James Clapper, Director of National InteWASHINGTON: You could see the war weariness in the face of James Clapper, Director of National Intelligence, when he spoke about The Three Ss: Sequestration, Snowden, and Syria.

Clapper, speaking before some 450 members of the intelligence community and media, sounded close to wistful when he talked about the furious national debate about privacy and intelligence sparked by the classified documents released by the international fugitive Edward Snowden.

“I think it’s clear some of the conversation this has generated, it’s some of a conversation that should have happened — probably should have occurred  — long ago….,” Clapper said at the first Intelligence and National Security Alliance (INSA) conference. “What all this has shown is we need to be more transparent about how we do our business and also more transparent about the results.”

But the head of the intelligence community also highlighted part of the reason that conversation hasn’t happened.
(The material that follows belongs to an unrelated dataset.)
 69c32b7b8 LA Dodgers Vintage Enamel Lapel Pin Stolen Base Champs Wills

In the meetings he’s recently had with journalists to discuss Snowden’s purloined documents, he said he’s found “a big gulf when you speak with them about just what effects national security.” He’s also “come to appreciate the huge competition in the news media,” driven in part by the 24/7 news cycle. “All those factors weigh against us.”

On the other hand, the intelligence community now is pressing hard to ensure more Snowdens don’t happen. The IC is placing “much more emphasis on insider threat detection,” Clapper said. And there’s a tool to help, called Intelligence Community Information Technology Enterprise (pronounced, wonderfully enough, Eye Sight).
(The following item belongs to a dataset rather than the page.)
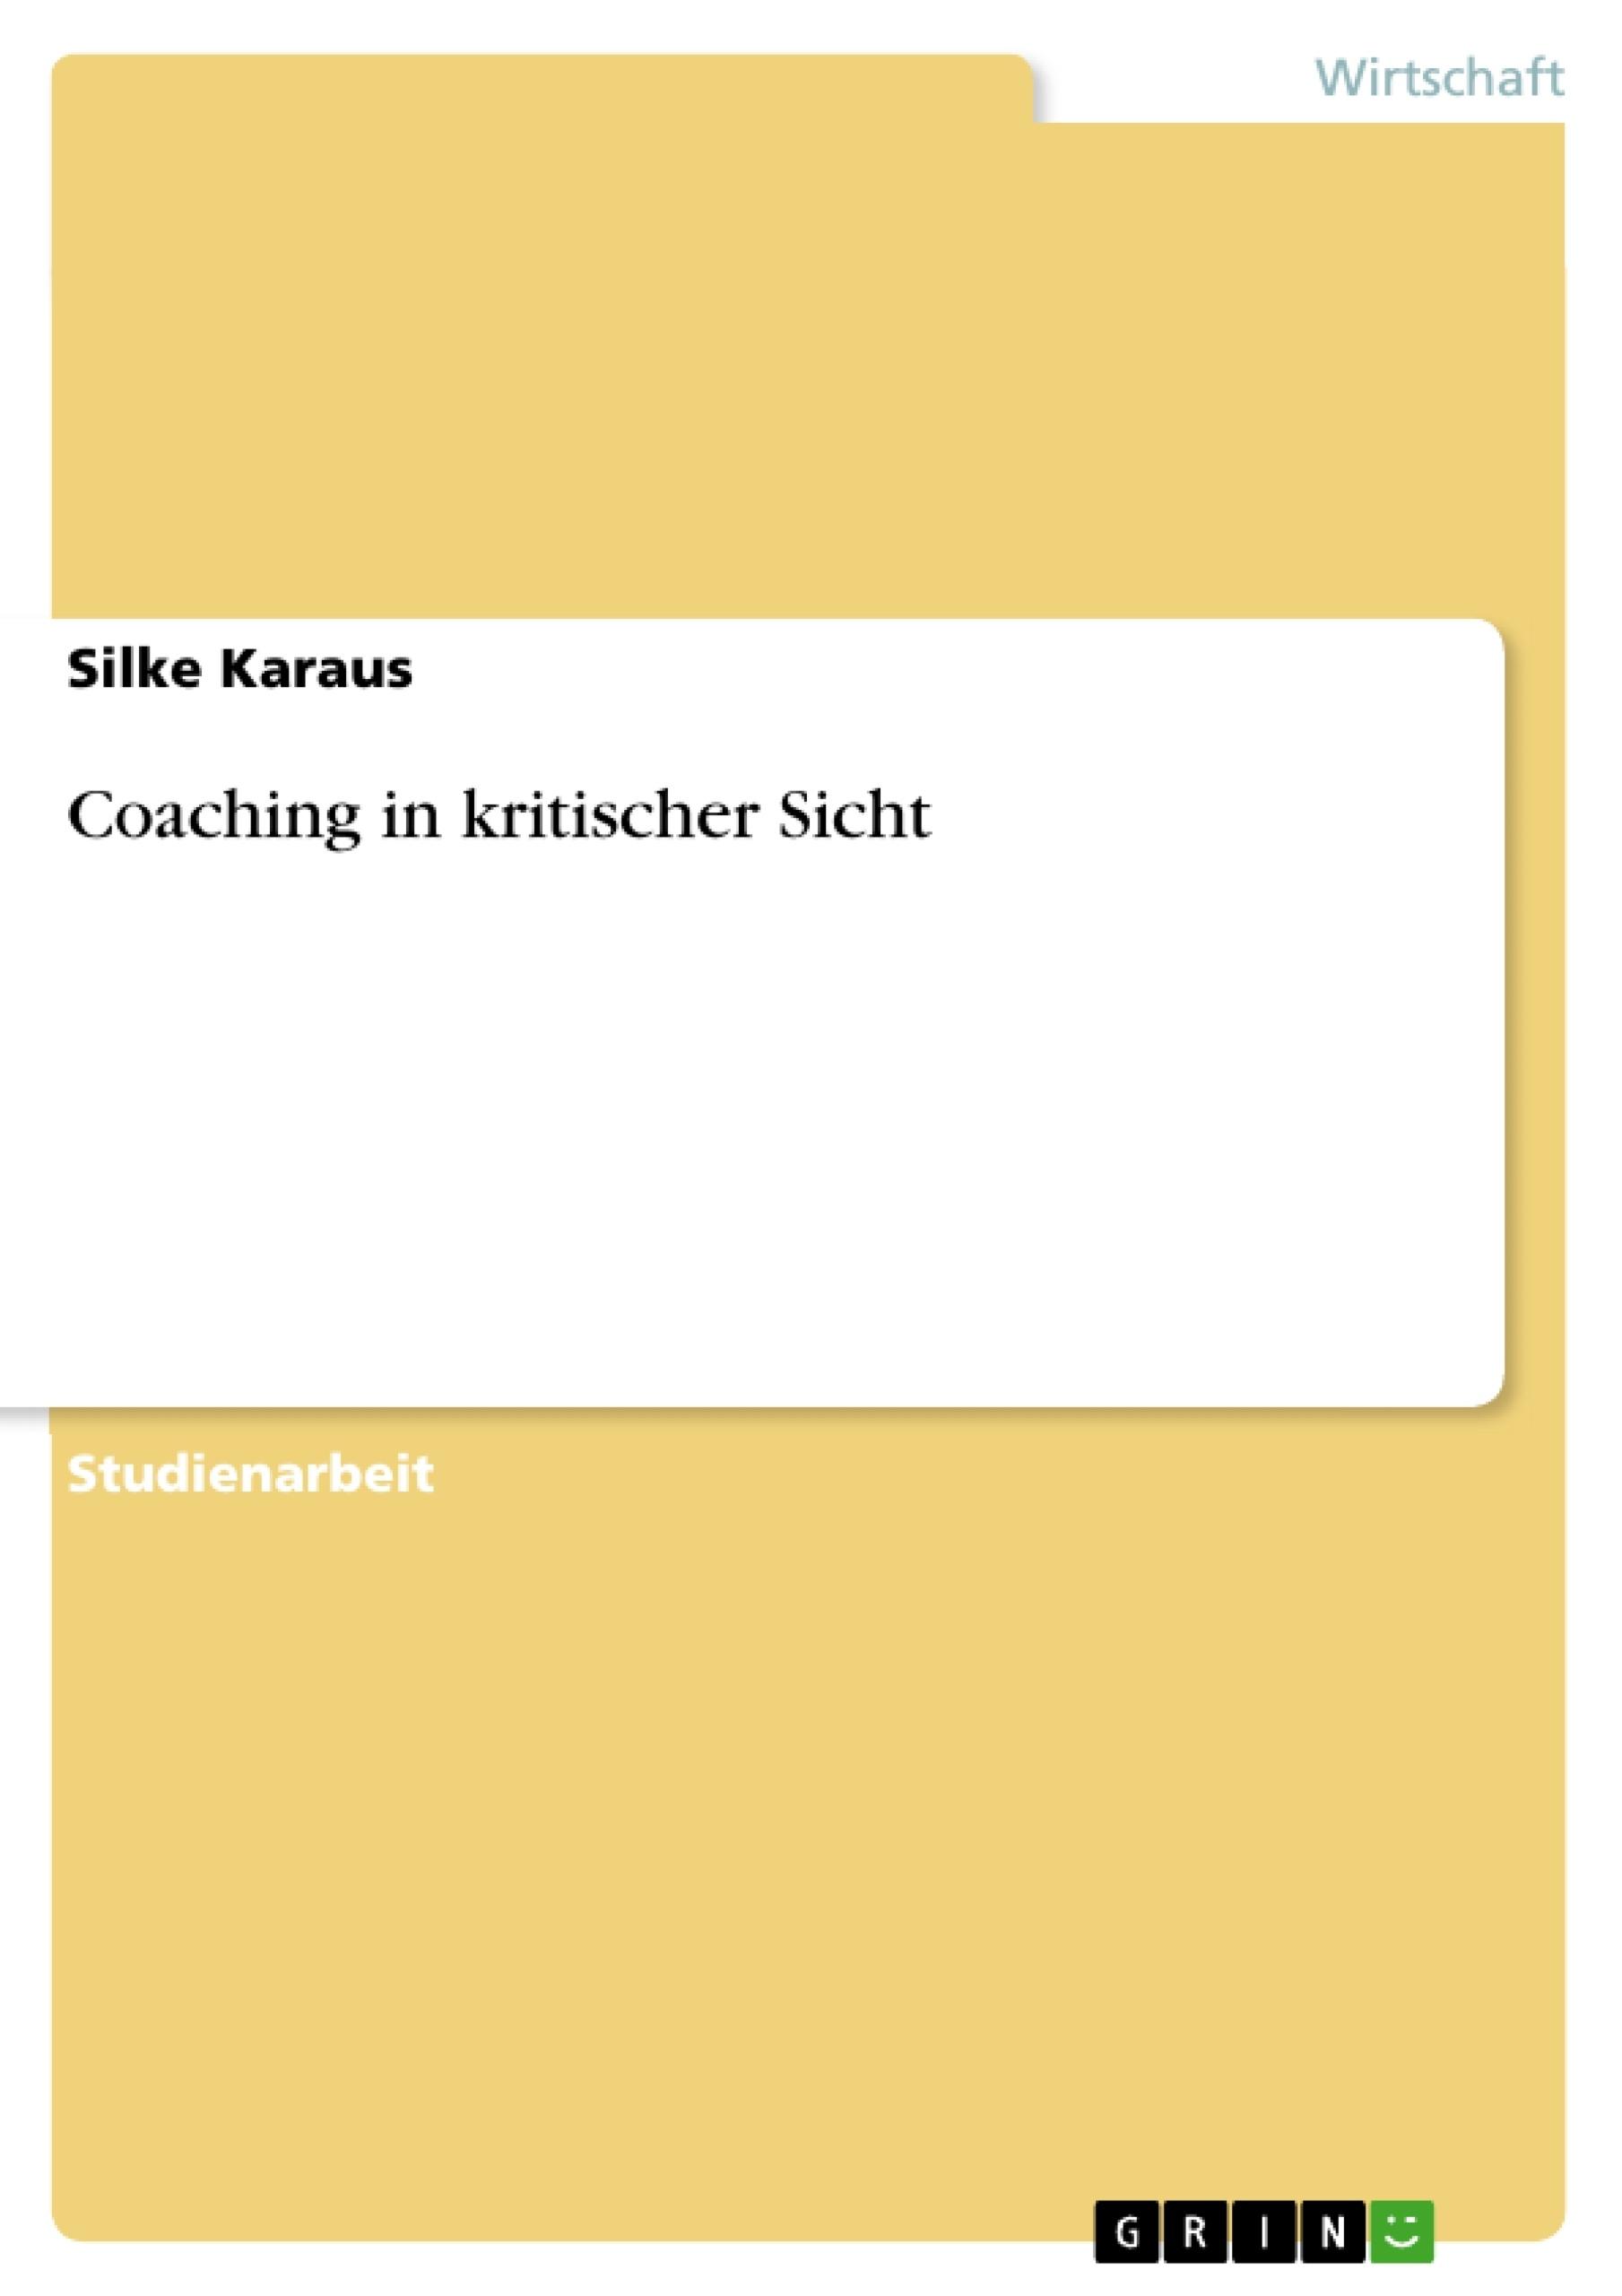 Titel: Coaching in kritischer Sicht

“If it had been up and running, we might have detected Snowden a lot earlier than we did,” Clapper said.

But a more fundamental security problem still could trip up the IC: while initial security clearances are getting done in relatively good order, the required five-year security reviews are not keeping pace. There are “way more people are outside the scope than we should have,” Clapper conceded. “We’re going to have step up the pace on that.”
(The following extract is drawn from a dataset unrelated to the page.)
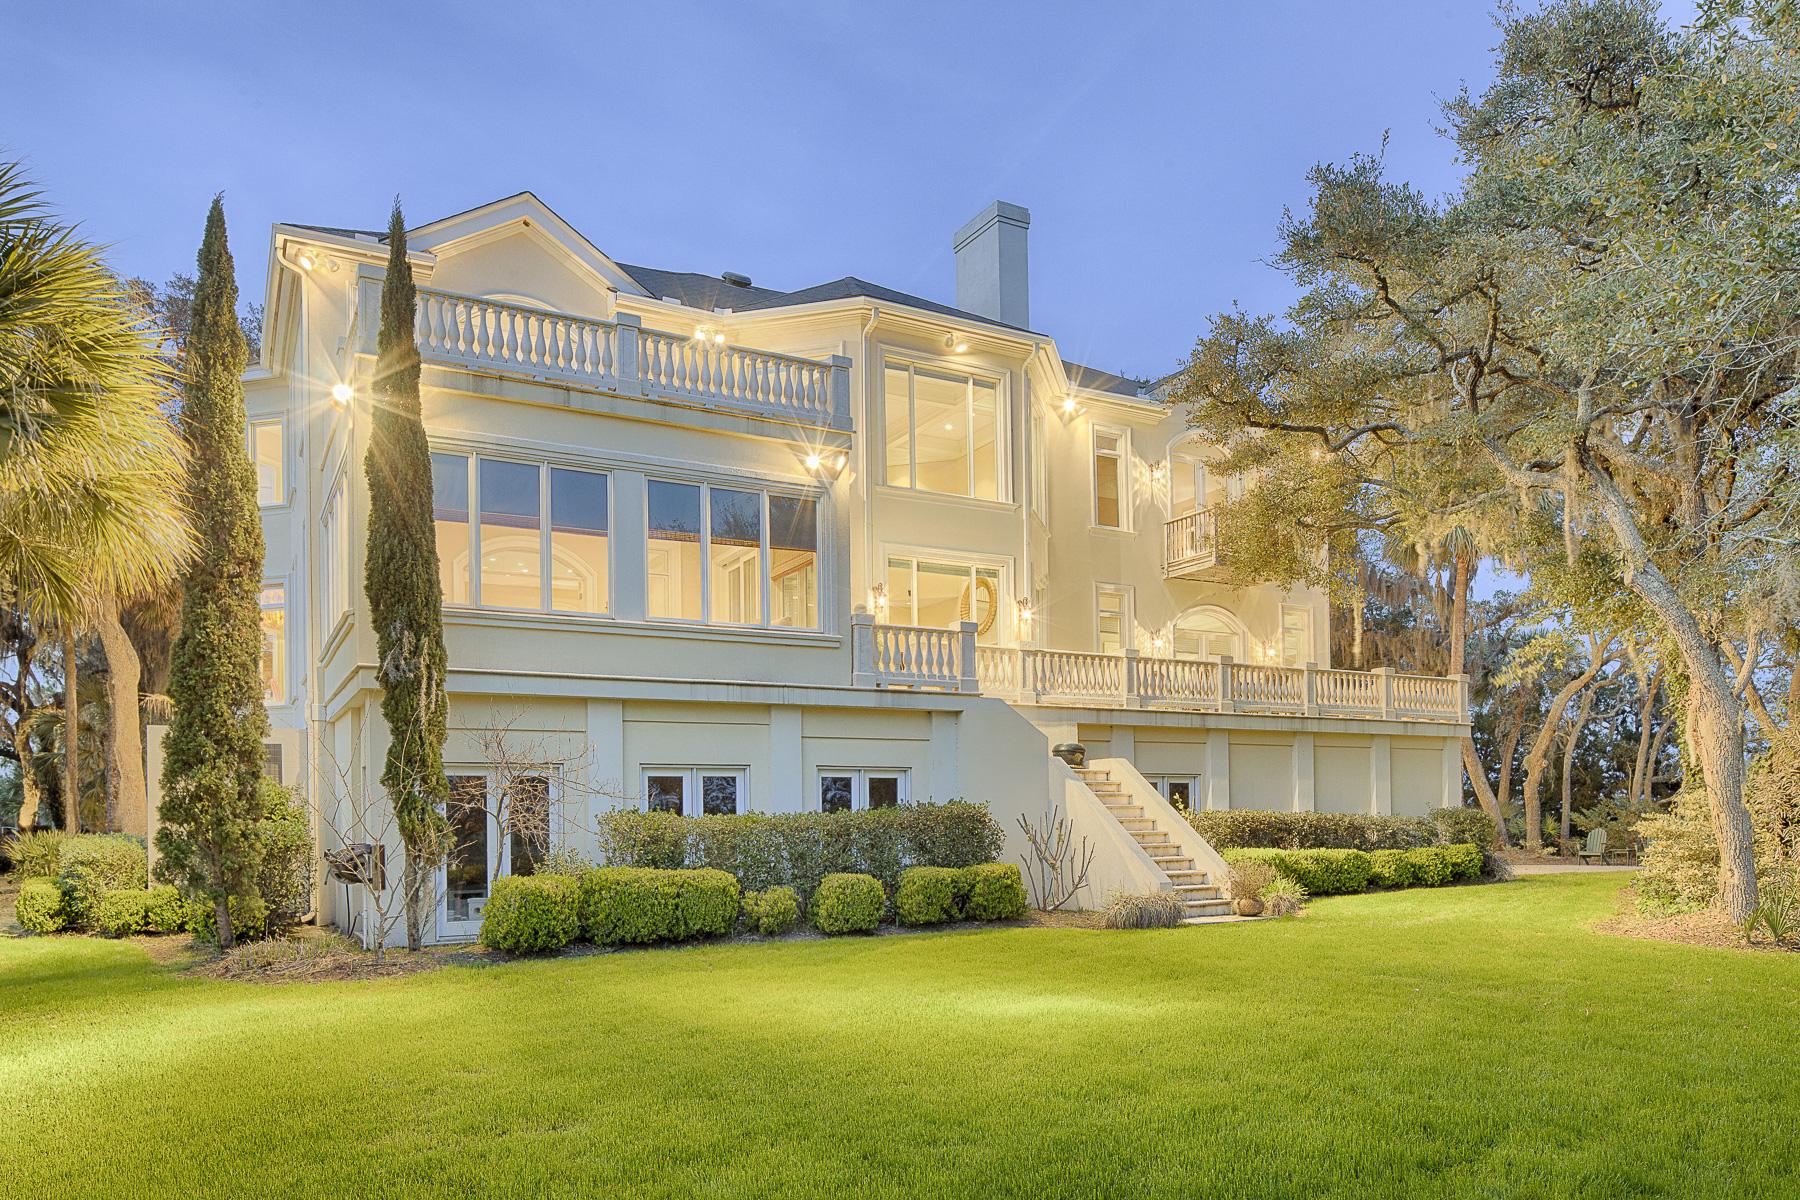 Einfamilienhaus für Verkauf beim 30 Queen's Way Bluffton, South Carolina 29910 Vereinigte Staaten

In the end, as a direct result of the documents released by Snowden and the ensuing debate, Clapper knows that many of the programs started after 911 to close the gaps between and among the intelligence agencies will be killed or curtailed.

“It’s very clear to the extent we keep these tools at all, they are going to be legislatively amended,” he said.

Meanwhile, he’s got Syria. “For me, lately, it’s been all Syria all the time,” said. And of course, there’s also sequestration.